= INFORMATION PROVIDED =
※

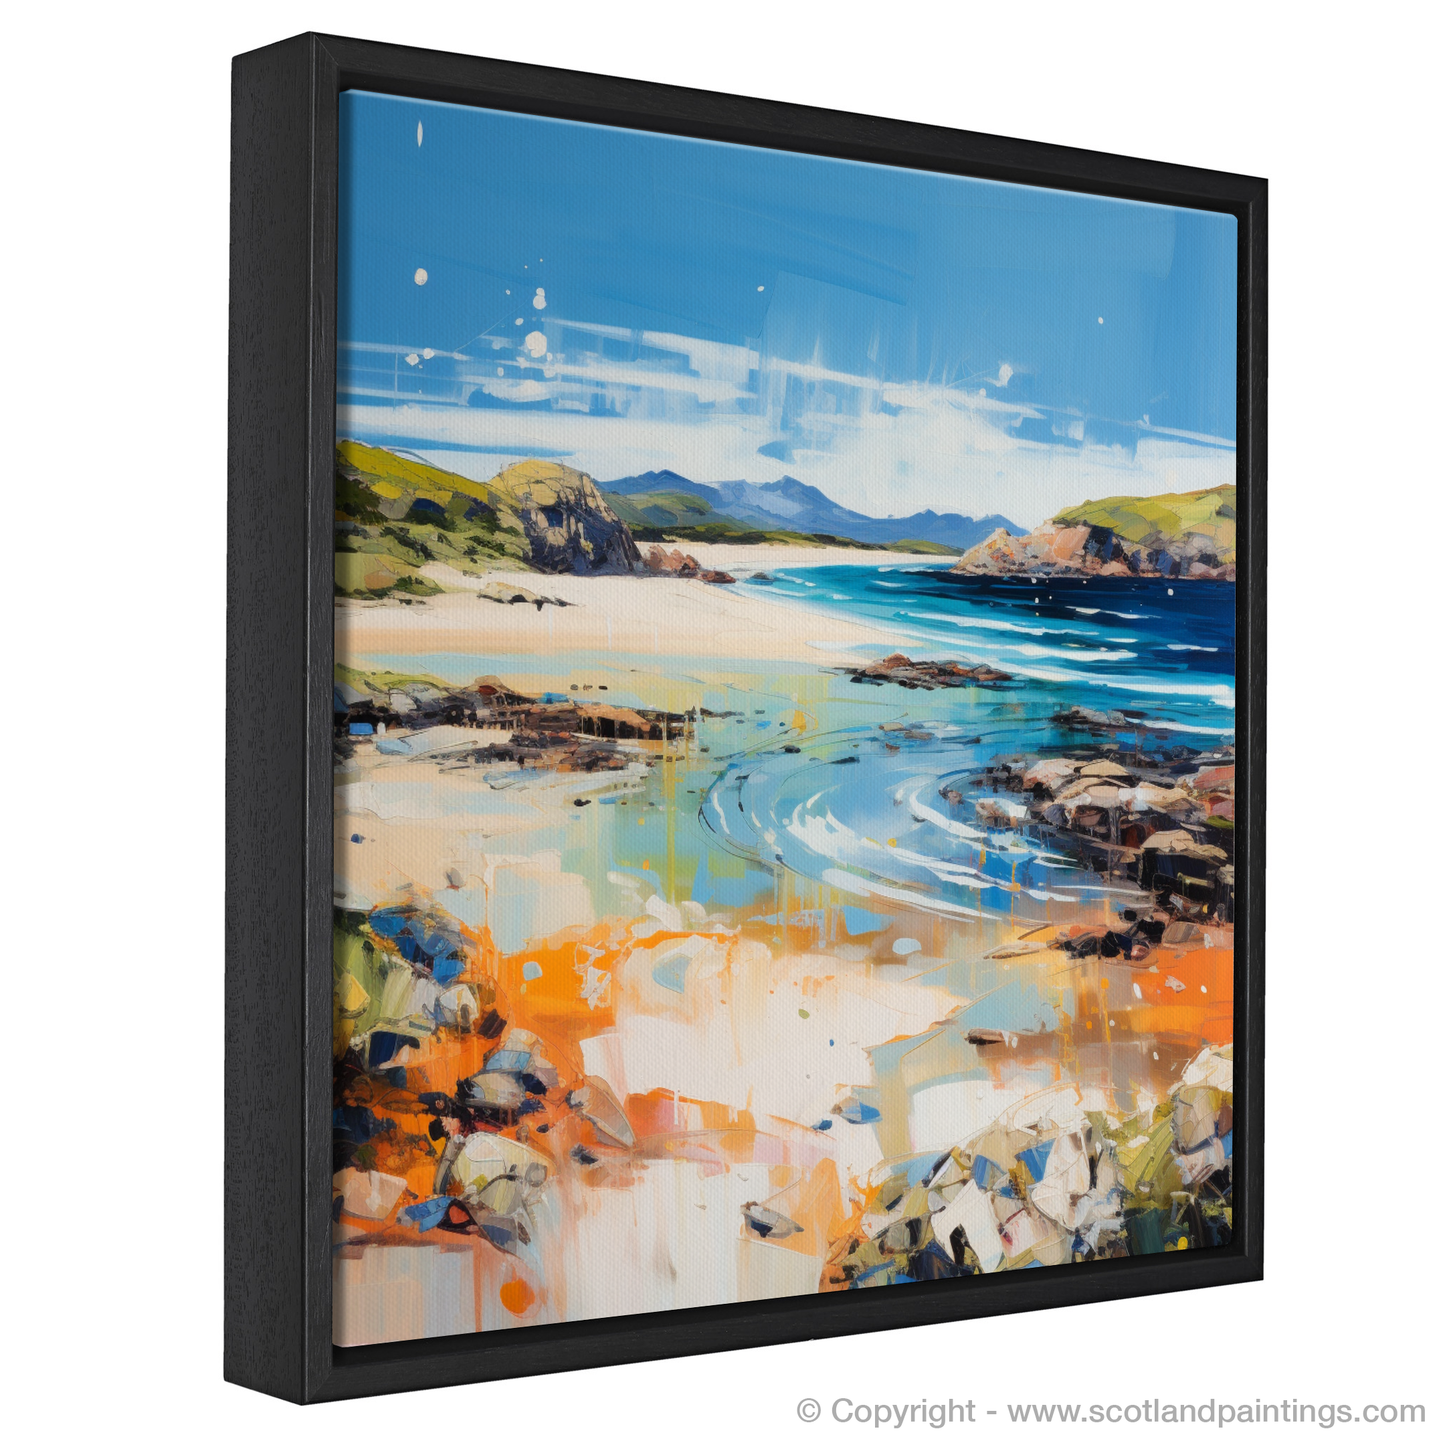 Painting and Art Print of Camusdarach Beach, Arisaig entitled "Dance of Light and Colour: An Expressionist Ode to Camusdarach Beach Arisaig".
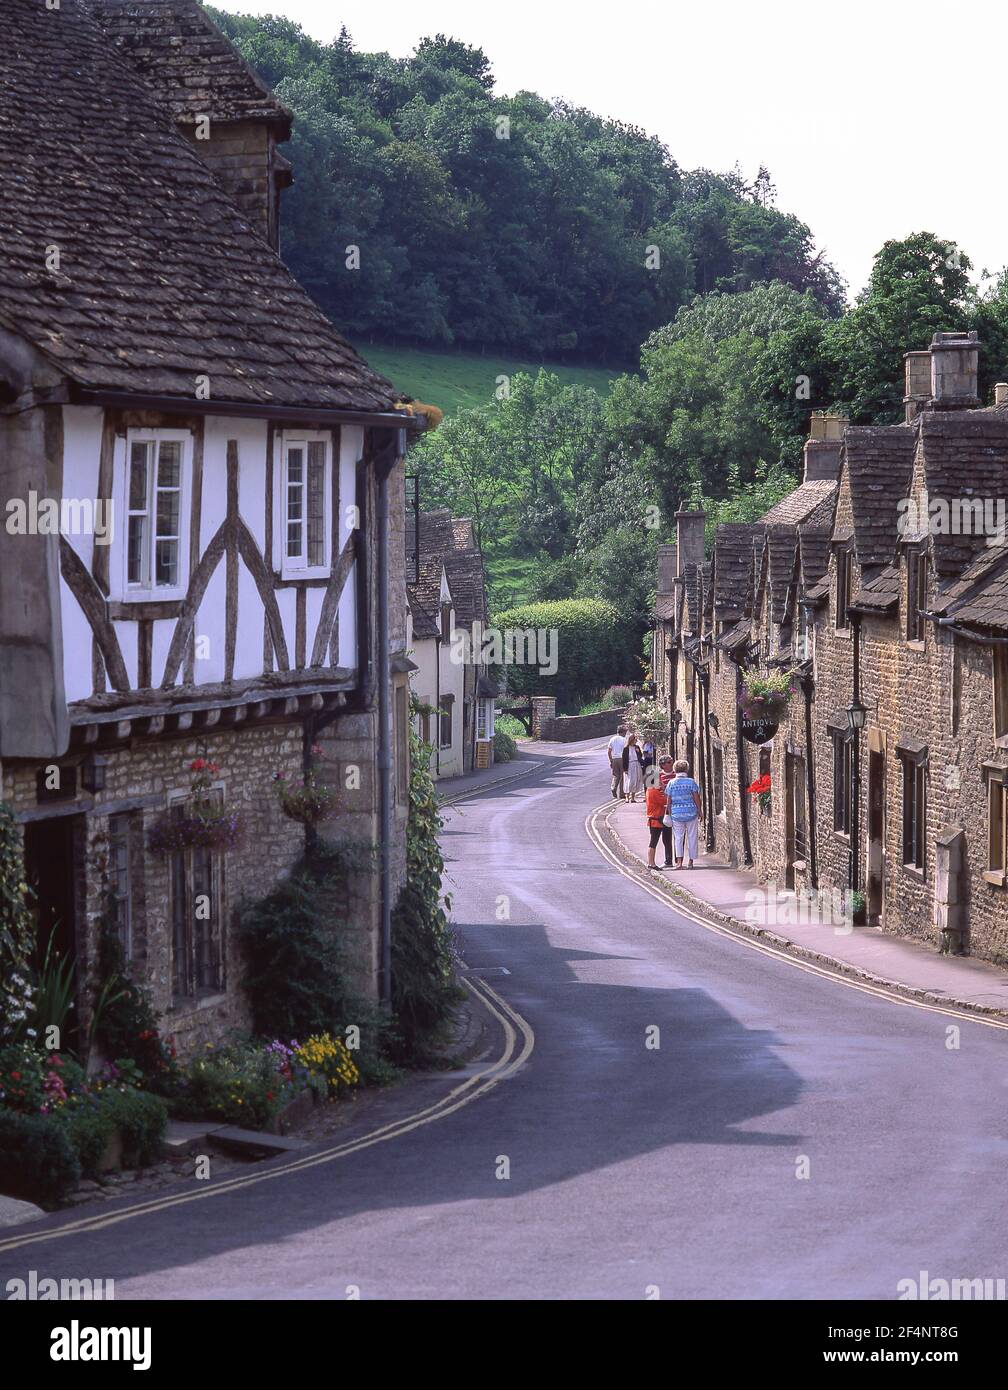 The Street, Castle Combe, Wiltshire, Angleterre, Royaume-Uni Banque D'Images
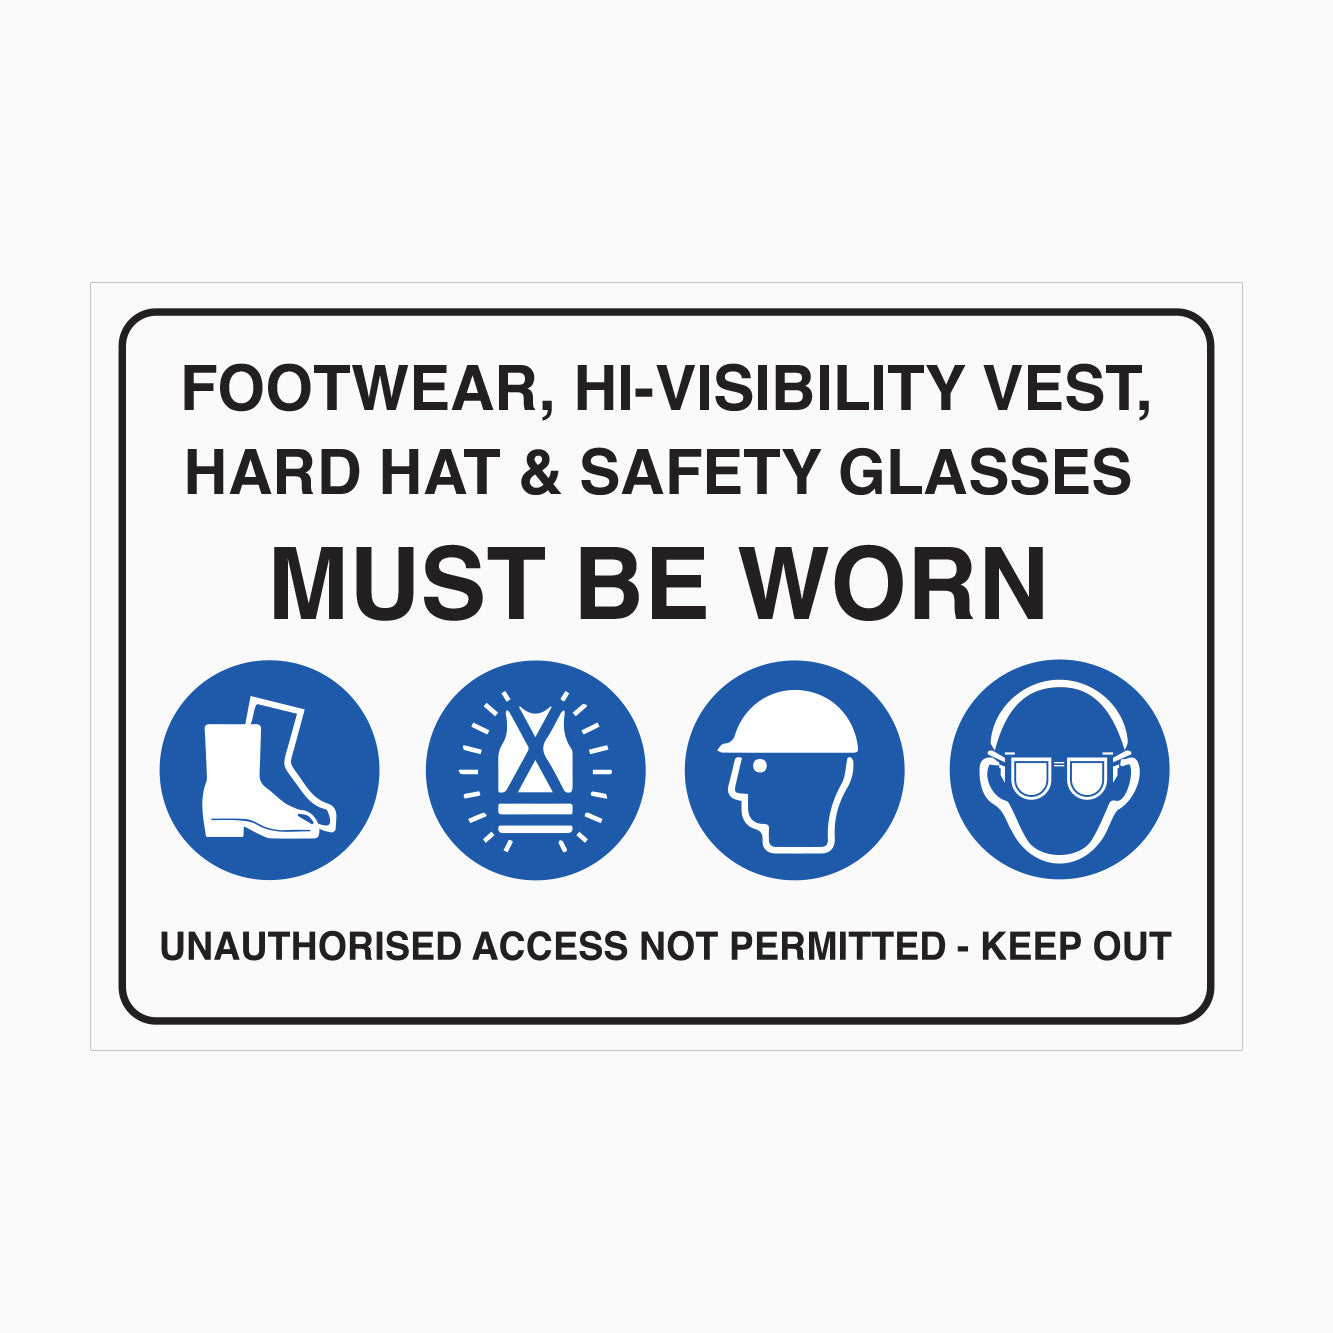 Mandatory Sign - This Protective Equipment Must Be Worn On This Site SIGN
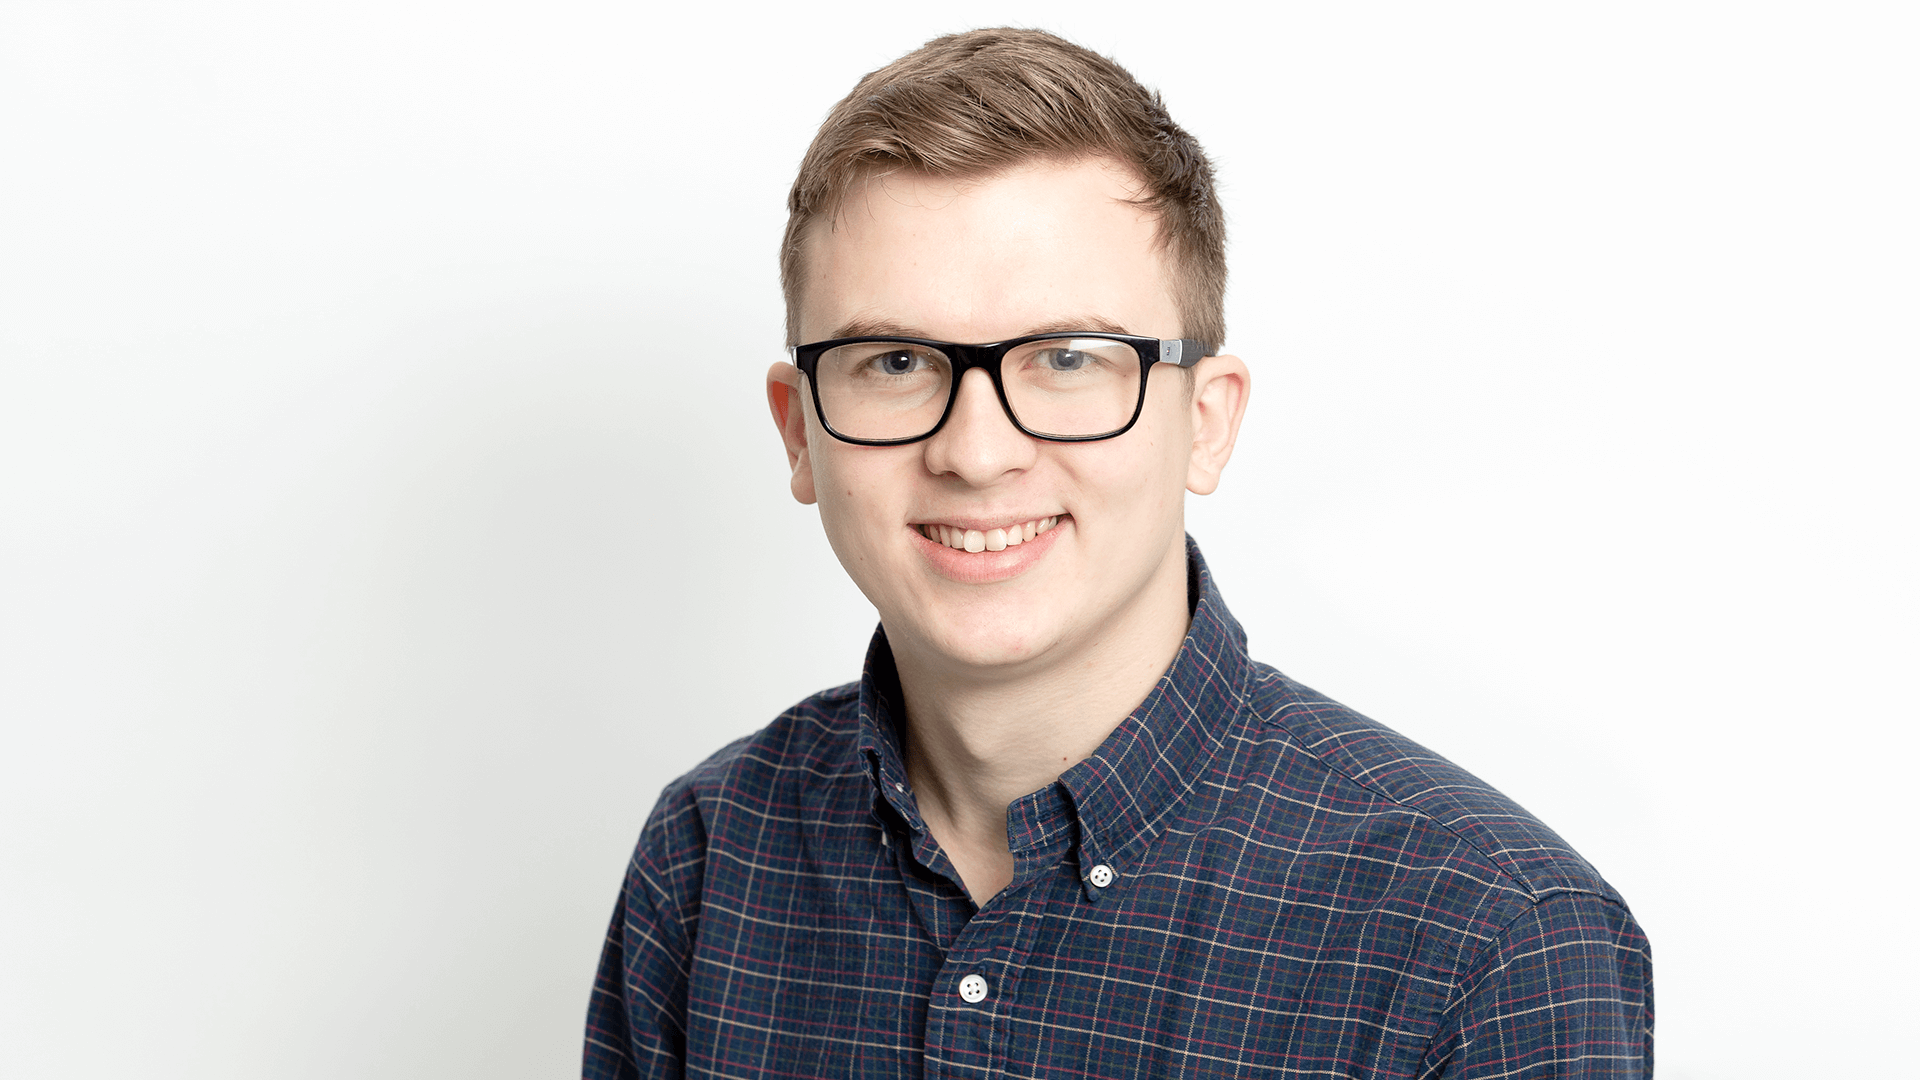 Thomas Bromley reflects on his summer placement at Urban Edge

※

= TASK STATEMENT =
Leave out the pictures, and write out exactly the lines from the one containing "Mandatory Sign - This" through the last line of the listing, both included.

= REPLY =
 Mandatory Sign - This Protective Equipment Must Be Worn On This Site SIGN
 Thomas Bromley reflects on his summer placement at Urban Edge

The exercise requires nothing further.